How Do I Use Max Tokens, Temperature and Other Model Settings?
In the Bulk Publishing AI plugin, you can adjust the model settings for each variable.
According to ChatGPT, these settings exist because they provide users with a way to control and fine-tune the AI’s output according to their specific needs and preferences.
Here is what each of them does:
Model:
This refers to the specific version of the AI model being used. Different models have varying sizes, training data, and capabilities. A larger model, like GPT-4, is more powerful and can generate more accurate and coherent responses than smaller models, but it may also be slower and more resource-intensive.
Max tokens:
This setting controls the maximum length of the generated response. A token can be as short as one character or as long as one word. Higher values allow for longer responses, while lower values limit the response length. If you set max tokens to a low number, the output might be cut off and not make sense.
Temperature:
This setting determines how creative or random the generated text will be. Higher values (e.g., 1.0) result in more creative and diverse responses, while lower values (e.g., 0.1) make the output more focused and deterministic, sticking closely to the input text and choosing more common words.
Top P:
Top P is a way to control the randomness of the AI’s output by only considering the most probable words for the response. Imagine you have a bag of differently colored balls, where each color represents a word. The probability of each word is like the number of balls of that color in the bag.

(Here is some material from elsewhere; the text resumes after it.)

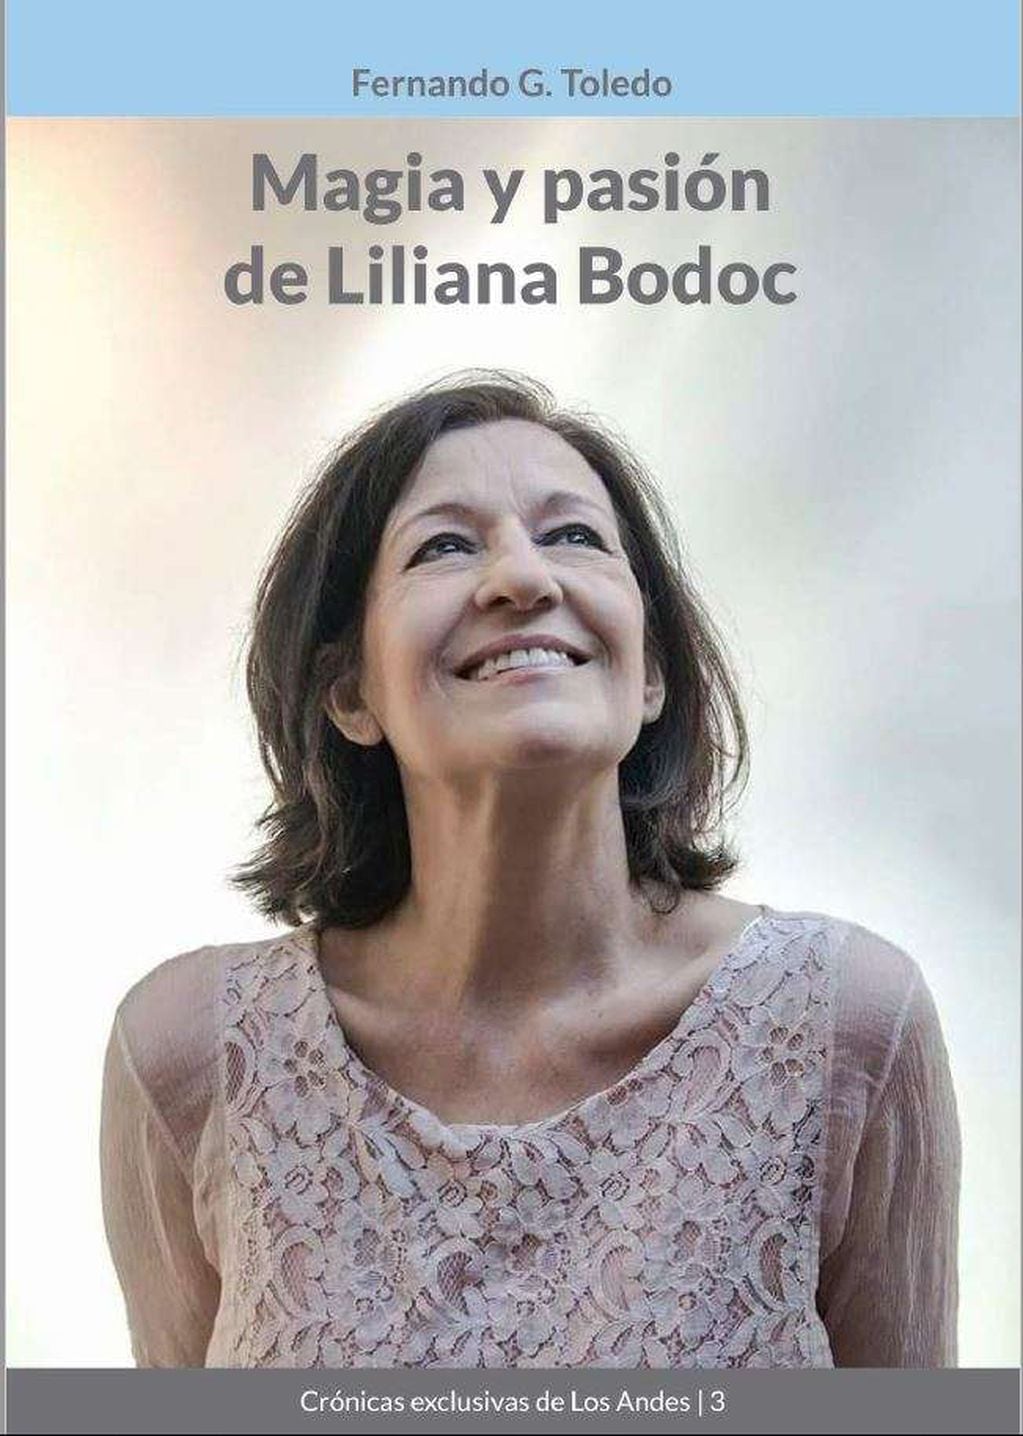 
Magia y pasión de Liliana Bodoc, por Fernando G. Toledo

When the AI generates a response, it picks a ball (word) from the bag. With Top P, you set a threshold (like 90%) to include only the most probable words (colors) that together make up 90% of the total probability.

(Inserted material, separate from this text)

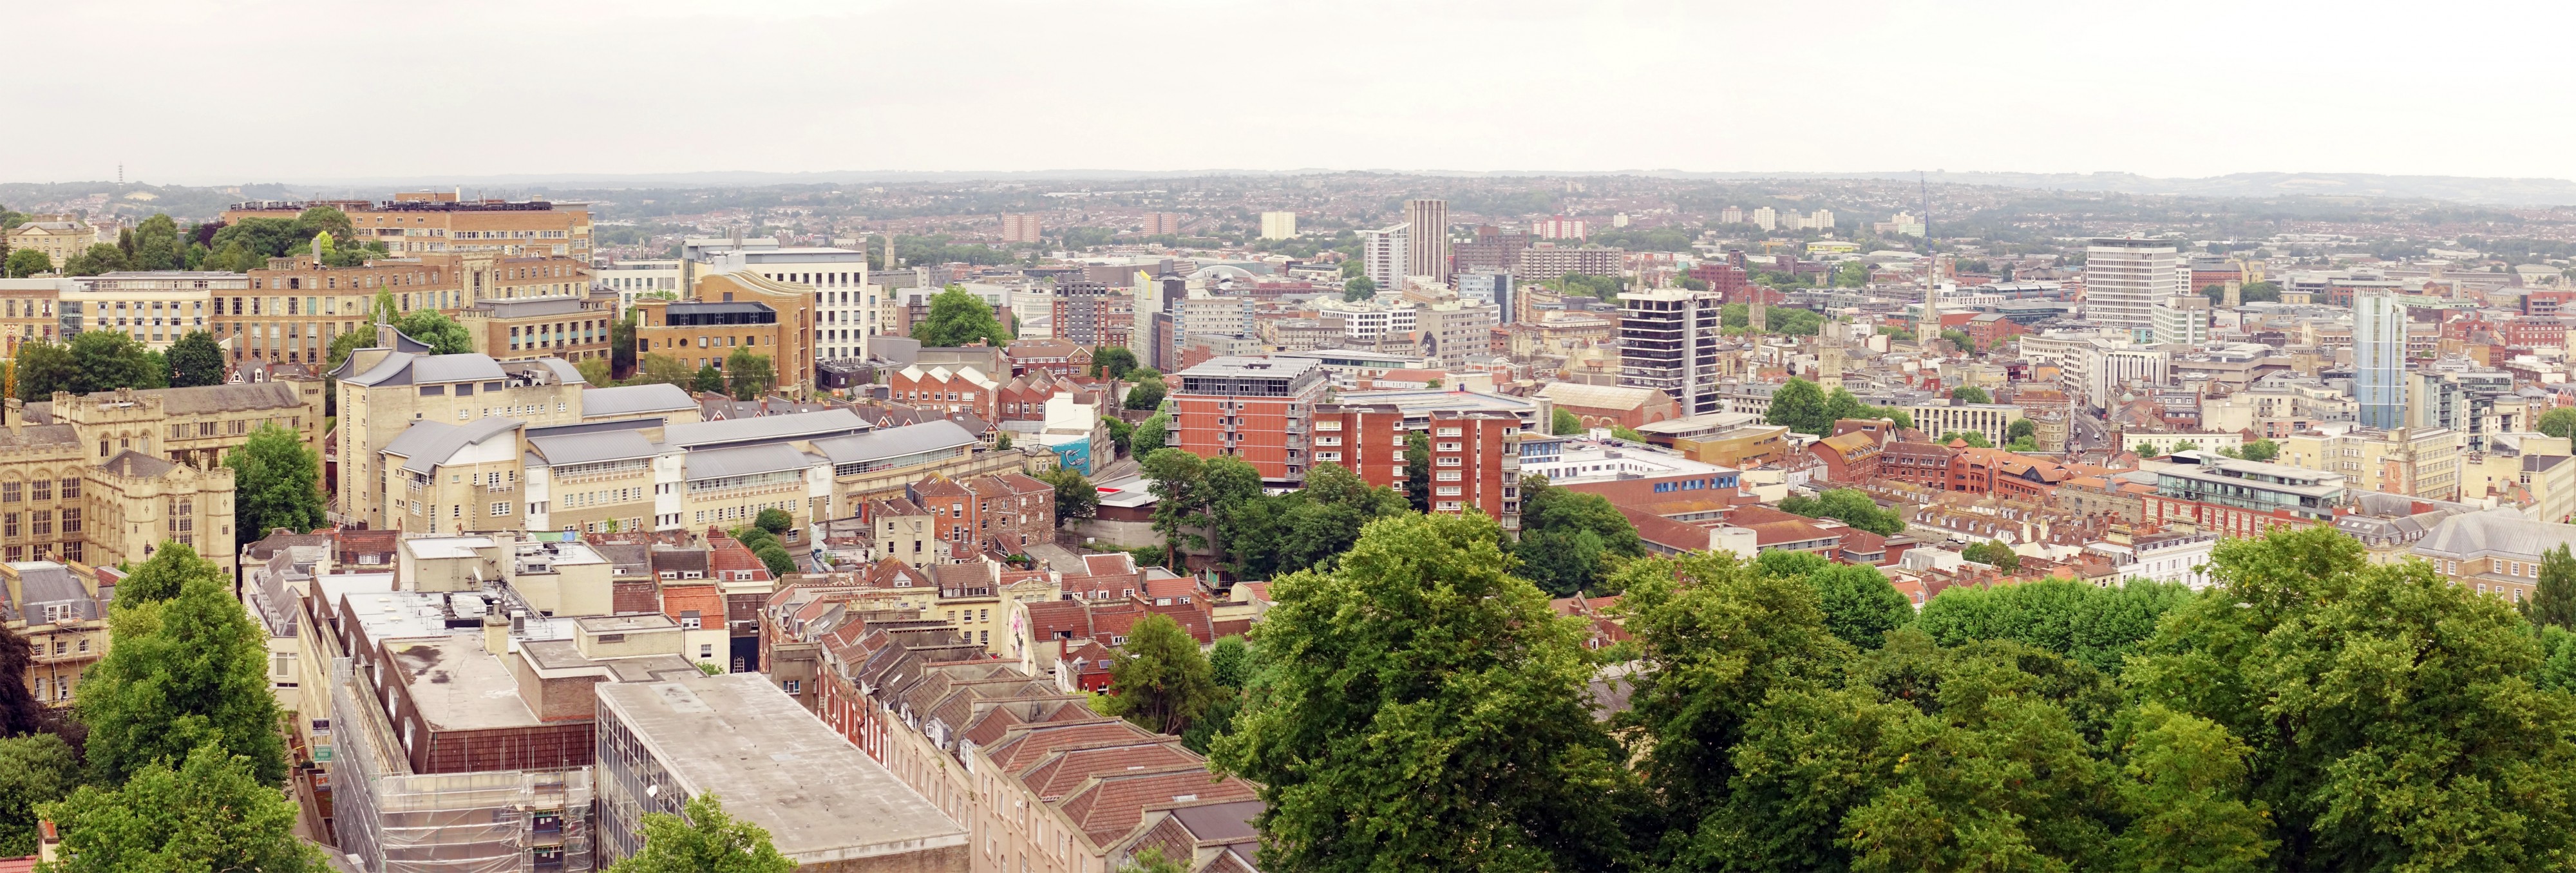 Bristol view

In other words, Top P removes the least probable words from the bag, making the AI choose from a smaller set of more probable words. This makes the output more focused and coherent.

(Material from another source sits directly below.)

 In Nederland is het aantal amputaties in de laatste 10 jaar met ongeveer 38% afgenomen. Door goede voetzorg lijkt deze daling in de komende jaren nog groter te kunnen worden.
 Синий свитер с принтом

Higher Top P values (closer to 1) include more words (colors) in the bag, resulting in more diverse responses. Lower Top P values (closer to 0) include fewer words, making the output more similar to the input text and less random.
Frequency penalty:
This setting helps control the repetition of words and phrases in the generated text. Higher values (e.g., 1.0) penalize frequently occurring words, making the model less likely to repeat them, resulting in more diverse output. Lower values (e.g., 0.0) don’t penalize frequent words, which may lead to more repetitive output.
Presence penalty:
This setting is similar to frequency penalty but focuses on penalizing words that have already appeared in the generated text. Higher values (e.g., 1.0) encourage the model to use a wider variety of words, while lower values (e.g., 0.0) allow for more repetition of words already present in the text.